This study aimed to assess the feasibility and efficacy of eRALP‐ePLND monotherapy for VHRPCa and to identify patients who do not require multimodal approaches. The pathological results showed that approximately 50% of men who underwent only eRALP had specimen‐confined disease at the final pathological evaluation, despite having a VHRPCa diagnosis. Moreover, our results show that ePLND could achieve adequate nodal staging, as a median of 20 nodes were removed and the LN invasion rate was approximately 20%. The number of LN dissections was comparable with that of another study. Regarding oncological outcomes, approximately two‐thirds of patients were BCR‐free at the 3‐year follow‐up, and the CRPC‐free survival rates exceeded 85%. Moreover, perioperative outcomes were feasible, as only 6.6% of patients experienced Clavien‐Dindo Grade IIIa or IIIb complications within 30 days of surgery. Finally, more than 80% of patients had continence recovery within 12 months postoperatively. We found that eRALP‐ePLND was safe and had acceptable UC‐recovery rates, and that eRALP monotherapy‐controlled cancer progression in more than half of the patients with VHRPCa. Our results indicated that patients with specimen‐confined disease treated with eRALP‐ePLND could avoid additional treatment.

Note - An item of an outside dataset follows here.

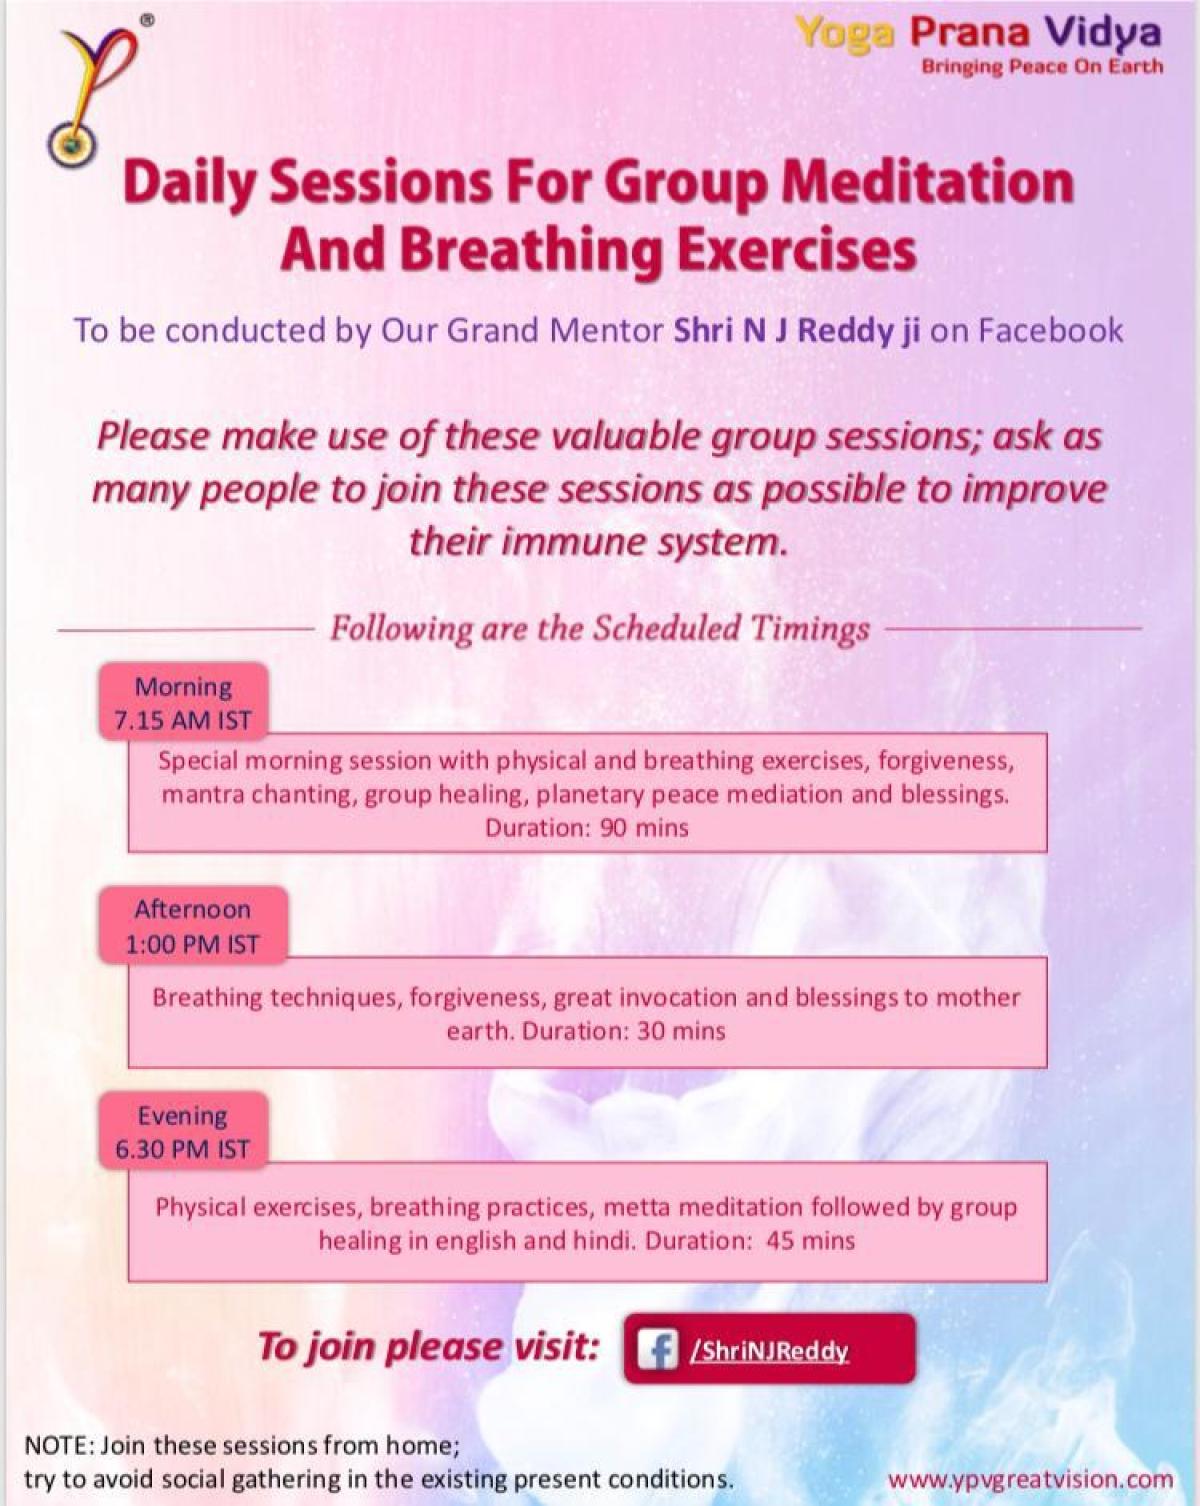 What is Rhythmic Yogic Abdominal Breathing? How can it be done? What are the benefits?: Shri N J Reddy, founder of Yoga Prana Vidya Sadhana

In patients with PCa who have PSA levels of >20 ng/ml, Gleason scores between 8 and 10, or clinical stages T3 or higher constitute a high‐risk PCa group, as recognized by major international guidelines. , Several studies reported that patients with high‐risk PCa have a heterogeneous natural history after RP. , , Saudi et al., used the Johns Hopkins RP database in 2014 to derive a binary definition of very‐high‐risk localized PCa. This definition was adopted by the NCCN to stratify patients into very‐high‐risk (VHR) and high‐risk (HiR) groups. They demonstrated that patients with VHRPCa presented with pN1 more frequently (VHR: 24.6%; HiR: 10.6%; p < 0.001) and had worse 5‐year biochemical relapse‐free survival (VHR: 27.5%; HiR: 50.3%, p < 0.001), 5‐year metastasis‐free survival (VHS: 74.9%; HiR: 91.4%, p < 0.001), and 5‐year OS (VHS: 85.8%; HiR: 95.1%, p < 0.001) than high‐risk patients. Pompe et al. also investigated patients in a European cohort and showed that only 20.6% of VHR cases had organ‐confined, LN‐negative PCa. Patients with VHRPCa also had worse pathological tumor features and a higher risk of adverse cancer outcomes compared with those with HR disease. Therefore, VHRPCa patients generally require additional therapies, such as ADT and RT. Recently, the results of multimodal treatment with adjuvant radio‐chemo‐hormone therapy have also been reported. The NCCN guidelines indicate RALP as one of the multimodal therapies in patients with VHRPCa who are expected to have a prognosis of 5 years or longer or symptomatic.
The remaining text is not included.